The OMP decarboxylase suprafamily includes not only OMP decarboxylase but also 3-keto-L-gulonate 6-phosphate decarboxylase and D-arabino-hex-3-ulose 6-phosphate synthase. In contrast to OMP decarboxylase, both utilize Mg2+ to stabilize an enolate anion intermediate. The active site residues are remarkably conserved in the suprafamily, although the mechanisms of the reactions are not conserved. The growing sequence databases now appear to contain novel members of the suprafamily that likely catalyze "new" reactions; the discovery of these reactions is under investigation.
As the sequence databases expand (now, >10,000,000 unique protein sequences are contained in the TrEMBL database), we are wanting to identify members of all three superfamilies that have unknown functions--these are determined in genome projects without regard to biological and biochemical function. Indeed, functional assignment of proteins of unknown function is a major challenge in postgenomic biology that is limiting both understanding the scope of Nature's diversity and, also, exploiting that diversity for biomedical and industrial applications.
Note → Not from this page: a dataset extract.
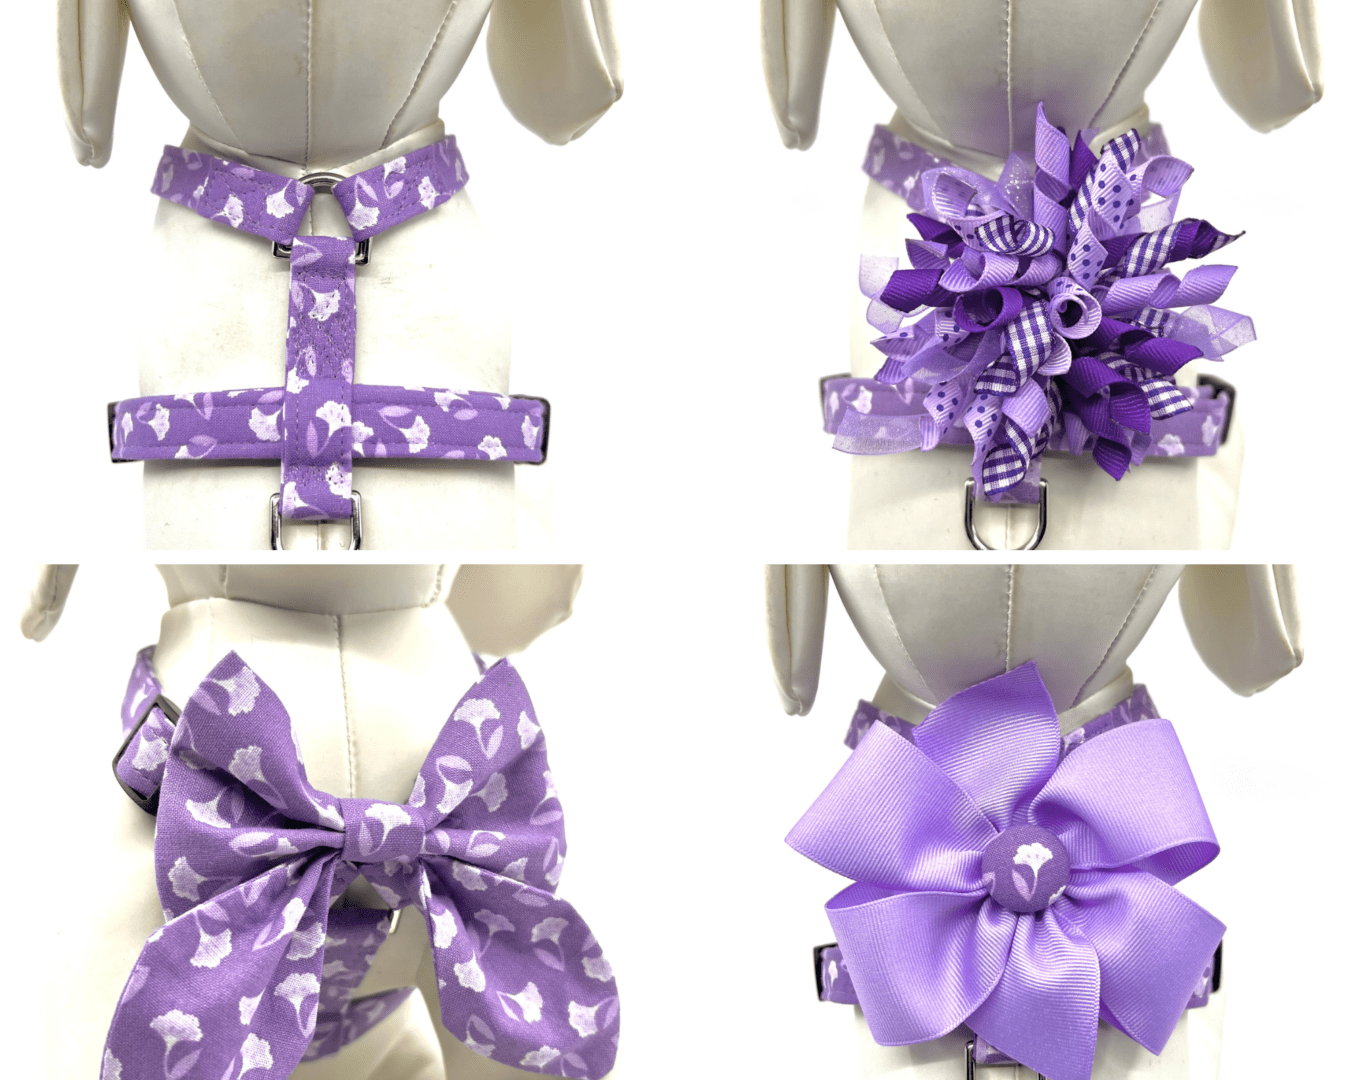 Four pictures of a purple dog harness with a bow on it.

To address this problem, we are leading two NIH funded projects that are developing an integrated sequence/structure based strategy to predict the substrates (and, therefore, functions) of unknown members of functionally diverse enzyme superfamilies that are discovered in genome projects. In these multidisciplinary projects, experts in functional biology (mechanistic enzymology), structural biology (X-ray crystallography), computational biology (bioinformatics, modeling, and in silico ligand docking), and microbiology (genetics, transcriptomics, and metabolomics) are brought together to address the problem of functional assignment of unknown proteins. This multidisciplinary approach reflects the intellectual and practical demands of assigning functions to unknown/uncharacterized enzymes.
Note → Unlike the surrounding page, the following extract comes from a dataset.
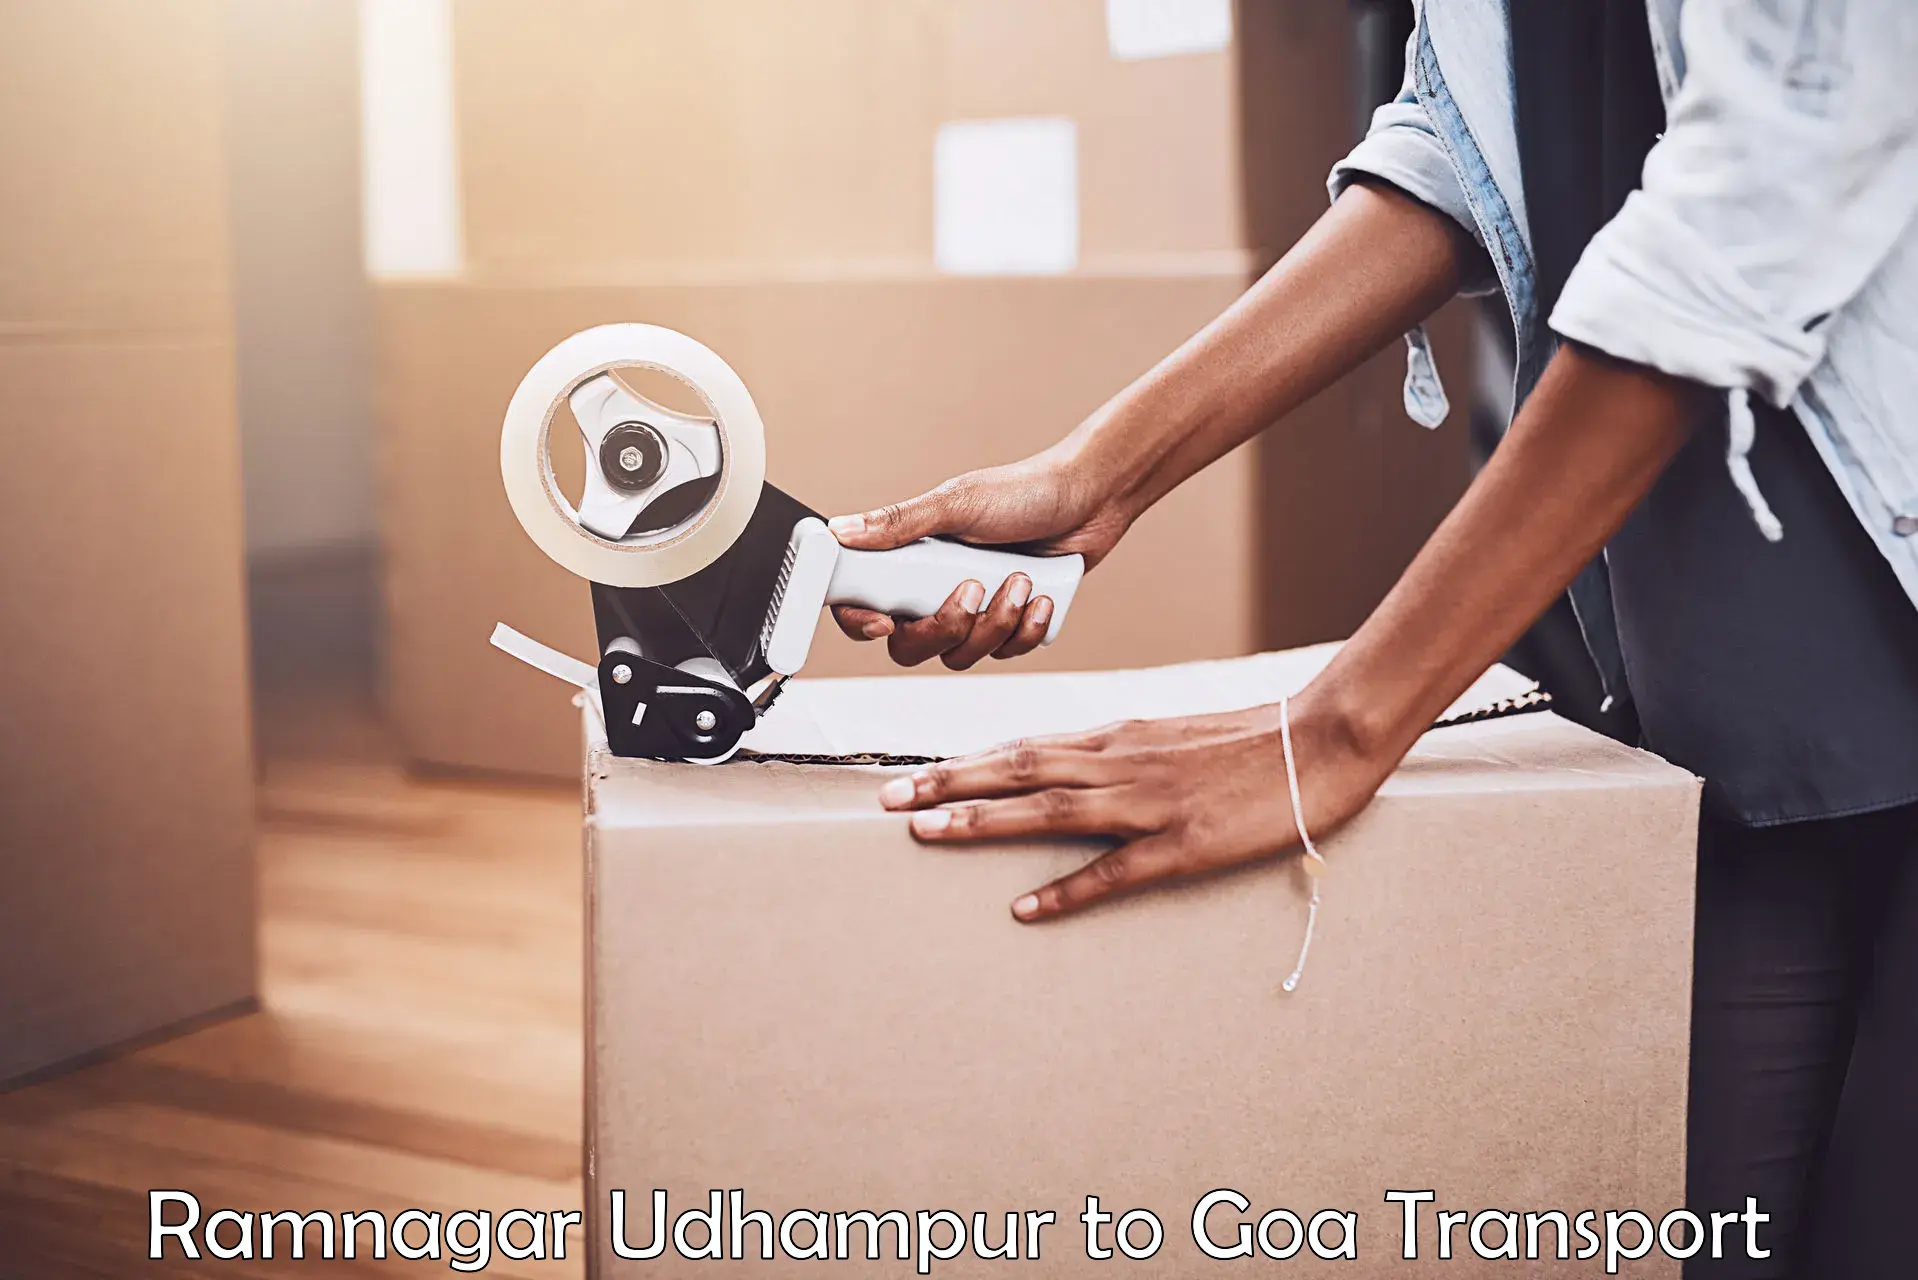 Delivery service Ramnagar Udhampur to Goa University

A Program Project (P01GM071790, "Deciphering Enzyme Specificity") is focused on the functional diverse enolase and amidohydrolase (Frank Raushel, Texas A&M) superfamilies. A new Glue Grant (U54GM093342, "Enzyme Function Initiative") is additionally focused on the functionally diverse glutathione transferase (Richard Armstrong, Vanderbilt University School of Medicine), haloalkanoic acid dehalogenase (Karen Allen, Boston University; Debra Dunaway Mariano, New Mexico), and isoprenoid synthase (Dale Poulter, Utah) superfamilies. Protein production and structure determination is lead by Steve Almo (Albert Einstein College of Medicine). Collaborators at UCSF provide expertise in bioinformatics (Patsy Babbitt) and homology modeling/in silico ligand docking (Matt Jacobson, Andrej Sali, and Brian Shoichet). And, John Cronan (genetics) and Jonathan Sweedler (metabolomics) at Illinois are investigating the physiological roles of novel enzymatic activities that are discovered by the in silico and enzymological approaches.